Latvian presidency events will emphasise business needs

 A number of events during Latvia's EU council presidency will highlight the need to prioritise business to achieve economic growth, write Gundars Strautmanis and Vitālijs Gavrilovs.

The current EU council presidency is the first time Latvia has held the rotating presidency. Its priorities are a competitive Europe, a digital Europe, a committed Europe, a secure Europe and a greater role for Europe on the international stage, particularly in view of the fact that 2015 is the European year for development.

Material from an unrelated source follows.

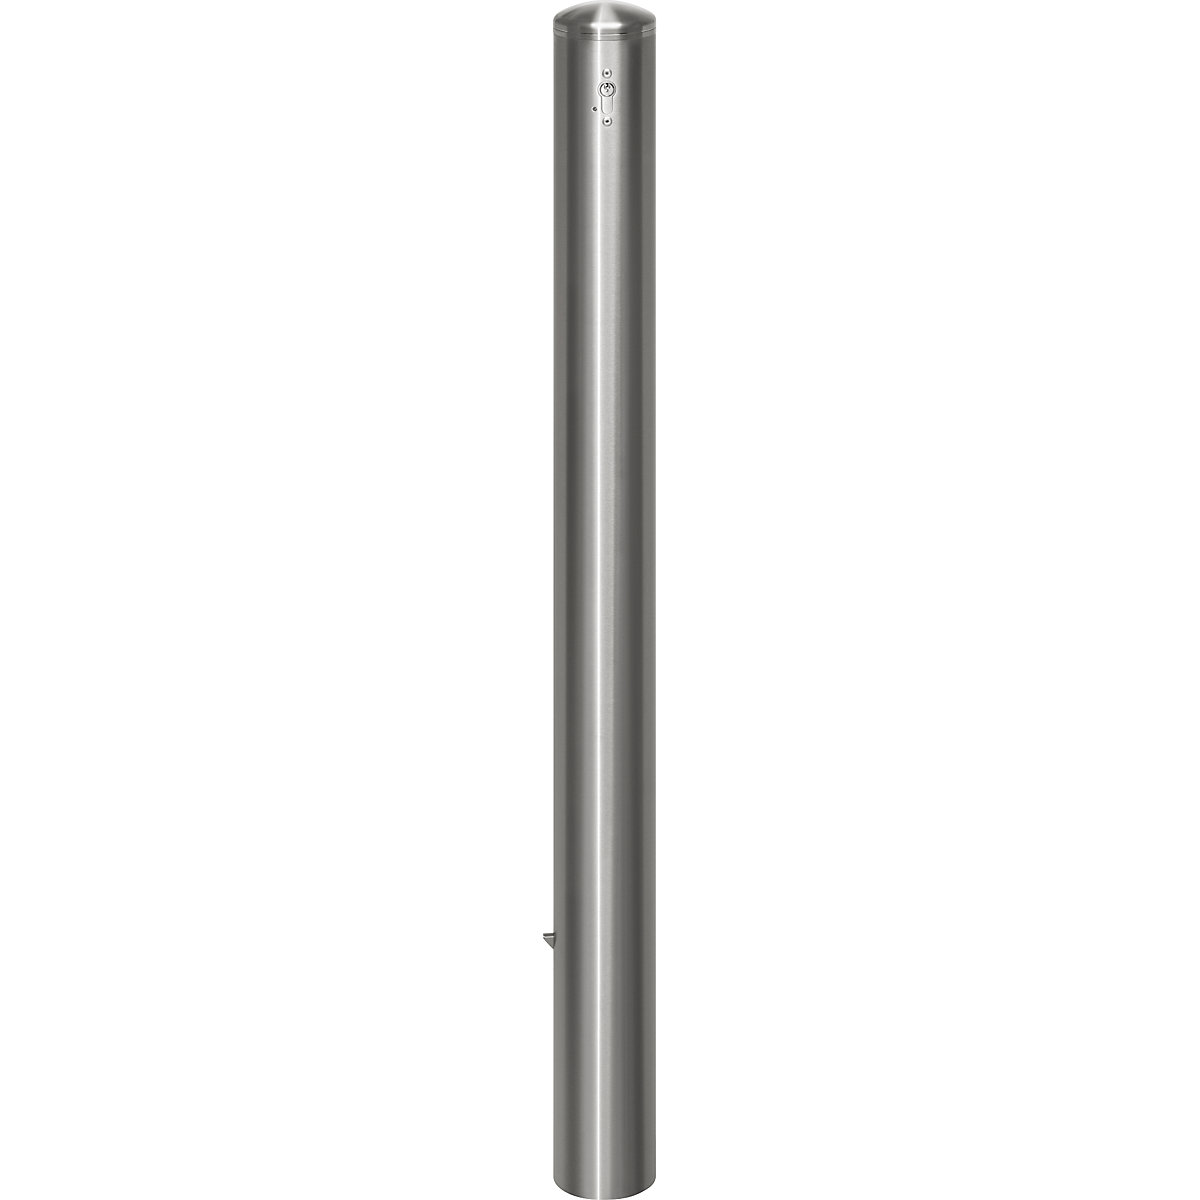 Stainless steel barrier post, with end cap, ground sleeve for concreting in, Ø 102 mm, profile cylinder-10

Social partners and employers in particular are playing an active role in the work of the presidency. They are putting forward their own priorities and highlighting that the only way to facilitate development in Europe is through business. The business environment and protection of investors therefore needs to be improved, and convergence between less developed and more developed member states facilitated. Specifically, the priorities of business organisations involve developing and rolling out the Juncker investment plan which should promote renewed economic activity and growth in Europe, encouraging investment in Europe.

One of the key business events organised under the Latvian presidency will be the eastern partnership business forum which aims to boost cooperation across borders. The objective is to promote direct business cooperation, trade and investment between the EU and the eastern partnership countries, as well as other countries, by creating a more favourable environment for business and supporting the strengthening of existing business links and enabling the creation of new ones.

"Businesses want to direct the attention of European Union and member state leaders to the importance of creating a political, economic and financial environment that will boost investment, growth and jobs"

The employers' confederation of Latvia which is running the event has emphasised that it is crucial to use this discussion platform to re-establish pragmatic business-to-business cooperation between the European Union, its partner countries, Russia and the central Asia region. Given its historical development and geographical proximity, Latvian business is well equipped and ready to share its experiences with European partners with a view to establishing long-lasting and mutually beneficial relationships with these regions. Latvian employers believe that economic cooperation can be a bridge bringing the EU, Russia, Ukraine and other countries and regions involved together.

This will form one of the main topics on the agenda of the Business Europe council of presidents meeting hosted by the employers' confederation of Latvia this spring and attended by business leaders from all EU and European economic area countries.

Eurochambres will hold a general assembly and a forum in Latvia in cooperation with its member organisation, the Latvian chamber of commerce and industry. Guests will include dignitaries from five central Asian states: Kazakhstan, Uzbekistan, Tajikistan, Turkmenistan and Kyrgyzstan.

One of the priorities of the presidency is digital agenda. Latvia is one of the EU's leaders in the area of digital development, therefore the presidency is an ideal opportunity to encourage other member states to follow its example. The priority for Latvian business is further development of the digital single market, which can significantly contribute to Europe's growth. One of the events geared towards this goal will be the European digital agenda assembly.

Regional economic development is also a significant area, therefore, the employers' confederation of Latvia is also organising a top-level presidency-related conference to discuss opportunities to facilitate entrepreneurship in EU regions. The event is being held in two Latvian cities to showcase the best examples of development using EU structural funds. Social dialogue will also be discussed in detail in a separate presidency event in March where employer and employee organisations will gather.

Businesses want to direct the attention of European Union and member state leaders to the importance of creating a political, economic and financial environment that will boost investment, growth and jobs. We also hope that the presidency will launch a debate on a new European global strategy instead of one focusing on individual regions. Europe should step up the role of business in this process and decision-makers should realise that their decisions need to promote stability, social peace and investment.